New analysis highlights the architectural gap limiting AI at scale and introduces ontology-driven models as the next phase of telecom transformation
May 2026 — Mohamed Awais, Telco & AI Infrastructure Advisor and a senior enterprise and solution architect with more than 20 years of experience across global telecom environments, has published a new article titled “Why AI Is Struggling in Telco & What Needs to Change?”. The article examines why significant industry investment in artificial intelligence has yet to consistently translate into scalable, production-grade outcomes.
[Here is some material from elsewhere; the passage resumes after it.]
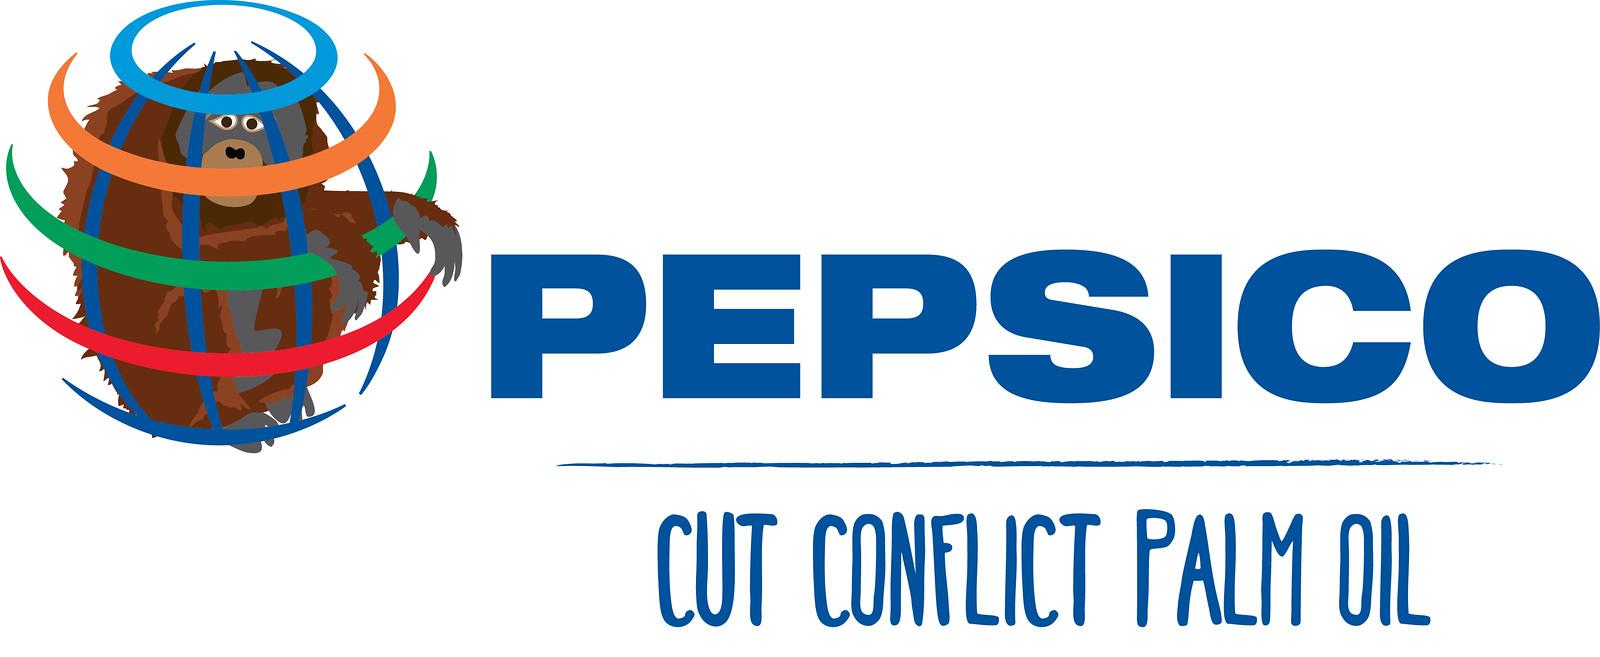 Pepsico_cage_rd3.4.jpg

Over the past decade, telecom operators have made substantial progress in digital transformation. Architectures have evolved to include TM Forum Open APIs, microservices-based middleware, API gateways, and large-scale data platforms. These advances have improved interoperability, accelerated integration, and increased agility across OSS, BSS, and network domains.
However, Awais argues that while these changes have modernised how systems connect, they have not fundamentally changed how systems understand each other.
“We’ve modernised telecom plumbing, but not telecom intelligence.”
This distinction is central to the problem. Modern telecom environments are highly integrated but remain fragmented in how data, relationships, and business logic are structured. Middleware layers—originally introduced for integration—have evolved into complex orchestration engines responsible for workflows, identity resolution, and business rules. In many organisations, middleware now functions as the operational “brain.”
Yet that “brain” is distributed, embedded in code, and fragmented across systems.
“TMF APIs and microservices improved how systems connect, but not how they understand each other.”
As a result, while systems are connected, they do not share a consistent understanding of customers, services, products, and network elements. This becomes a critical limitation when introducing AI into the environment.
Across the industry, operators are investing heavily in AI—particularly agentic AI capable of planning, executing tasks, and interacting with APIs. While early pilots show promise, many organisations struggle to scale these capabilities into production with measurable impact.
Awais contends the issue is not the capability of AI, but the lack of context in which it operates.
“AI isn’t failing in telecom—the architecture underneath it is.”
Agentic AI can access data and invoke APIs, but it does not inherently understand the relationships between entities in telecom environments. Customers, accounts, subscribers, devices, services, and products are connected in complex, multi-layered ways—often defined differently across OSS, BSS, and network systems.
Without a unified model of these relationships, AI systems are forced to infer meaning.
“Without context, AI doesn’t make decisions—it makes guesses.”
This lack of grounding leads to inconsistent outputs, incorrect decisions, and what is commonly described as hallucination. AI may perform well in isolated use cases, but its limitations become evident when operating across complex, cross-domain environments.
“Agentic AI can act, but in telecom today it’s acting blind.”
The consequence is inefficiency. Each new AI initiative frequently requires redefining the same business context—mapping relationships between customers, services, and products—resulting in duplication of effort and limited scalability.
To address this, Awais introduces ontology-driven architecture as a critical next step.
“If agentic AI is the execution layer, ontology is the brain.”
Ontology provides a structured, shared representation of telecom entities and their relationships—defining how customers, subscribers, devices, services, and products connect within a unified model. Rather than embedding business logic across middleware and code, ontology centralises understanding into a single, accessible framework.
“Telcos don’t lack data—they lack a unified, accessible model of how everything connects.”
With this foundation, AI systems gain the context required to reason across domains, not just execute tasks within isolated workflows. The result is more reliable automation, consistent decision-making, and the ability to scale AI initiatives without repeatedly rebuilding business logic.
This approach also strengthens governance. Instead of policies and rules being distributed and opaque, they become explicit, centralised, and auditable—enabling AI to operate within clearly defined boundaries while improving compliance and visibility.
Beyond technical benefits, the article outlines the commercial implications of contextual, ontology-driven AI. These include dynamic pricing, real-time monetisation, hyper-personalised customer experiences, and faster product innovation cycles.
“The real opportunity isn’t just cost reduction—it’s revenue velocity.”
This shift enables telecom operators to move from static, reactive models to adaptive, intelligent systems capable of responding to demand in near real time.
At the same time, the broader infrastructure landscape is evolving. Telecom operators are increasingly positioned to participate in emerging AI ecosystems—particularly in areas such as sovereign AI—where connectivity, regulatory alignment, and geographic reach provide a strategic advantage. Awais notes that without addressing underlying architectural constraints, these opportunities may be underutilised.
“The winners won’t be those with the most AI tools, but those with the best structured intelligence.”
The article challenges the assumption that adopting more AI tools will automatically deliver better outcomes. Instead, it positions architecture, context, and structured understanding as the true enablers of scalable AI in telecom.
“We don’t need more AI in telecom; we need a better structure for it to operate.”
The analysis is particularly relevant for CTOs, CIOs, enterprise architects, AI and data leaders, and transformation programme directors within telecom operators, as well as vendors and system integrators supporting telecom ecosystems.